December 31, 2011 – There are a number of business tax credits, including the R&D credit, scheduled to expire. If not extended, these will raise about $35 billion annually for the Treasury.
Sometime next year prior to the election, it is likely that the debt limit will run out again. The failure to pass a balanced-budget amendment to the Constitution (it recently failed in the House by 29 votes with 161 Democrats and 4 Republicans voting to oppose it) reduced the authorized debt limit by $300 billion. The “Super Committee” could have added another $300 billion debt limit with more cuts, but they didn’t. And, with the economy nearing a double-dip recession, revenue projections have proved to be optimistic and the deficit greater than was estimated when the “debt deal” was done last August. So, at some point in 2012, this limit will likely need to be extended again or we face another government shut-down.
Sometime in the summer, the US Supreme Court will likely rule on the constitutionality of ObamaCare. If they rule it unconstitutional, much or all of its provisions could be invalidated. That could have an effect on spending for Medicare and Medicaid, but we can’t determine what that might be without knowing which provisions are ruled illegal. However, there is no doubt that ObamaCare does increase deficits.
October 1, 2012 – Fiscal year 2013 will begin and Congress will need to pass both a budget for FY 2013 and a “CR”, or the requisite appropriations bills, to fund the government. The deficit could be increased or decreased depending on how much Congress decides to spend.
January 1, 2013 – The extension of the “Bush tax cuts” will expire and tax rates will rise on all US taxpayers, and some people currently not paying income taxes will now have taxable income. If they are extended, the deficit will increase by $3.9 trillion over ten years. If the tax cuts are extended only for those with less than $250,000 income per year, the deficit increase drops by $2.3 trillion over ten years. Note that 60% of the deficit effect of letting the Bush tax cuts expire is funded by taxpayers with incomes under $250,000.
January 1, 2013 – Death taxes are scheduled to rise. Under current law, estates under $5 million are not subject to tax. If there is no extension, estates of $1 million or more will begin paying tax. This is forecast to raise approximately $6 billion per year towards deficit reduction.
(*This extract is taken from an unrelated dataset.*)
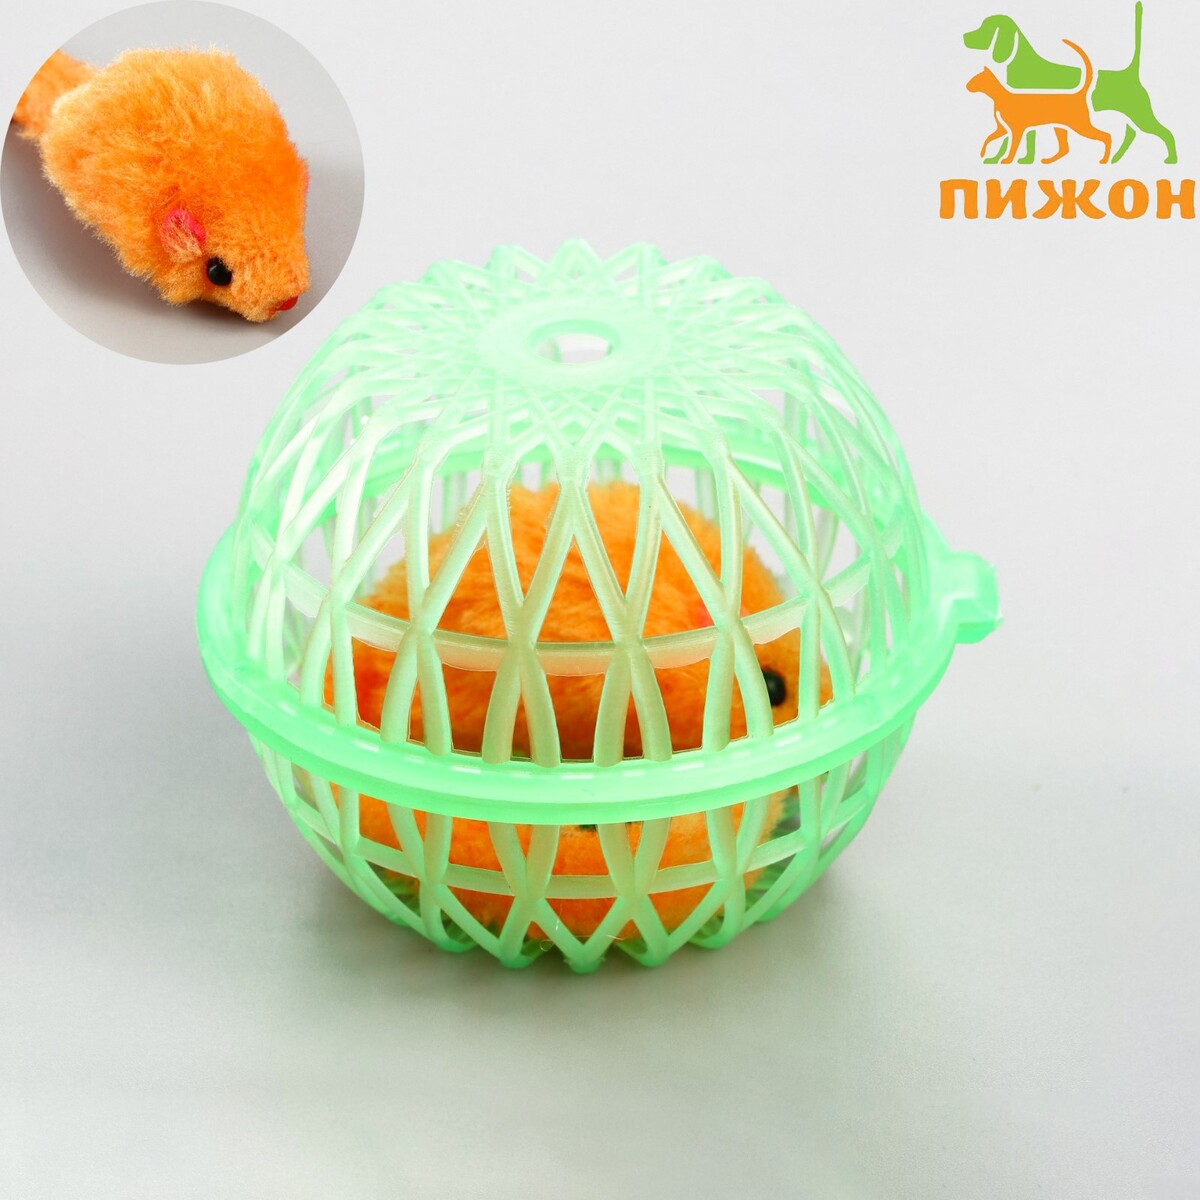 Мышь в пластиковом шаре, 7 х 5 см, зеленый шар/оранжевая мышь мышь погремушка 7 см оранжевая

January 2, 2013 – The automatic sequestered cuts actually go into effect, reducing “security” spending by $55 billion in the first year and reducing what hospitals and other medical providers are paid by Medicare by 2%. Some in Congress are already calling for these cuts to be changed or repealed before they take effect. This would add $113 billion to the deficit in the first year.
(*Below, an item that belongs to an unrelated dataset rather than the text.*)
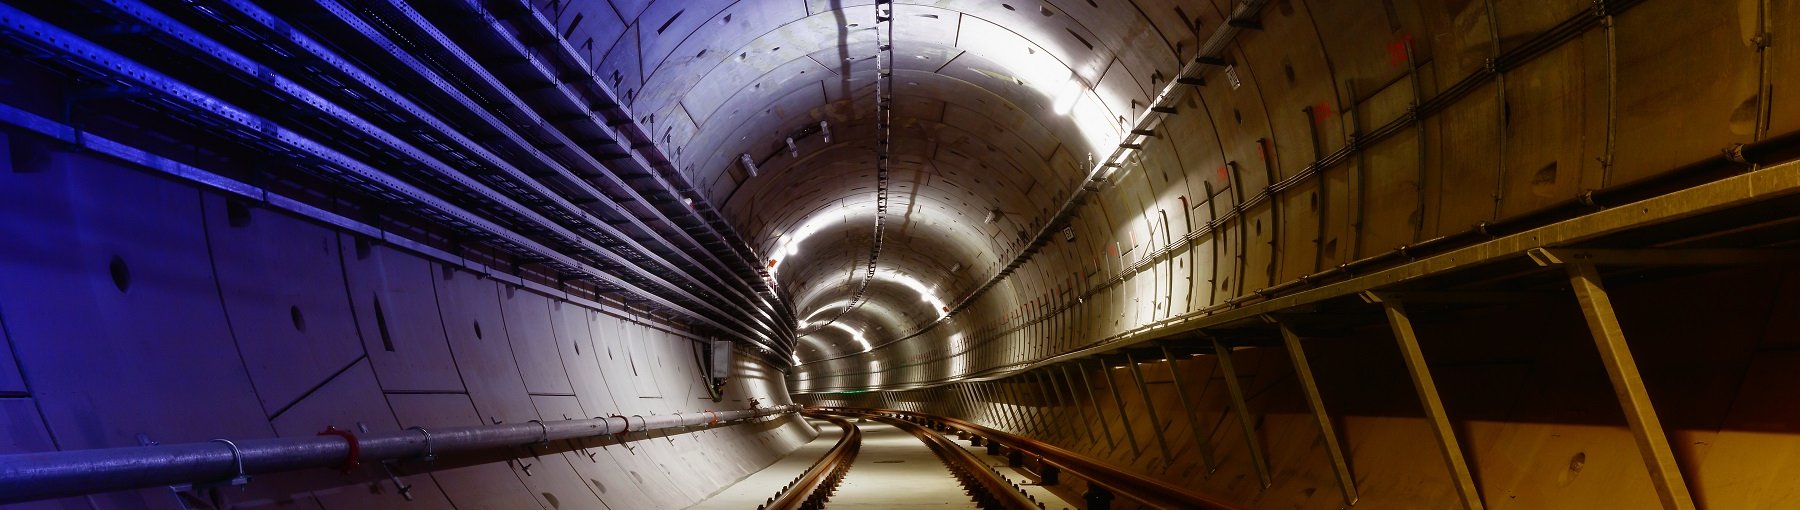 7,5 km tunelu w Łodzi: umowa jeszcze w tym roku. Fot. momente / Shutterstock

Note that in almost every case, inaction by Congress will result in a tax increase or spending cut taking effect and thereby reducing the deficit. The total of all this is estimated at roughly $800 billion per year, of which over 80% would be increases in taxes or reductions in tax deductions or credits. Understand that none of this involves entitlement programs or benefits except to the extent that doctors and hospitals refuse to accept Medicare if their reimbursements are cut. Taxes would literally increase on everyone who gets a paycheck or has taxable income.
According to CBO, if all of these deadlines were allowed to expire, we would still have a deficit in 2014 of $265 billion. Although that would be hugely reduced from last year’s deficit of $1.3 trillion, the deficit would then immediately begin rising again unless the major entitlement programs are reformed.
November 28th, 2011 at 1:59 pm
Remember if ya ain’t got much…no worries…they can’t take much!
If ya got much…..your about to actively participate in the largest redistribution of assets in history….your famous…yes soreeee…and thank you for your service!!!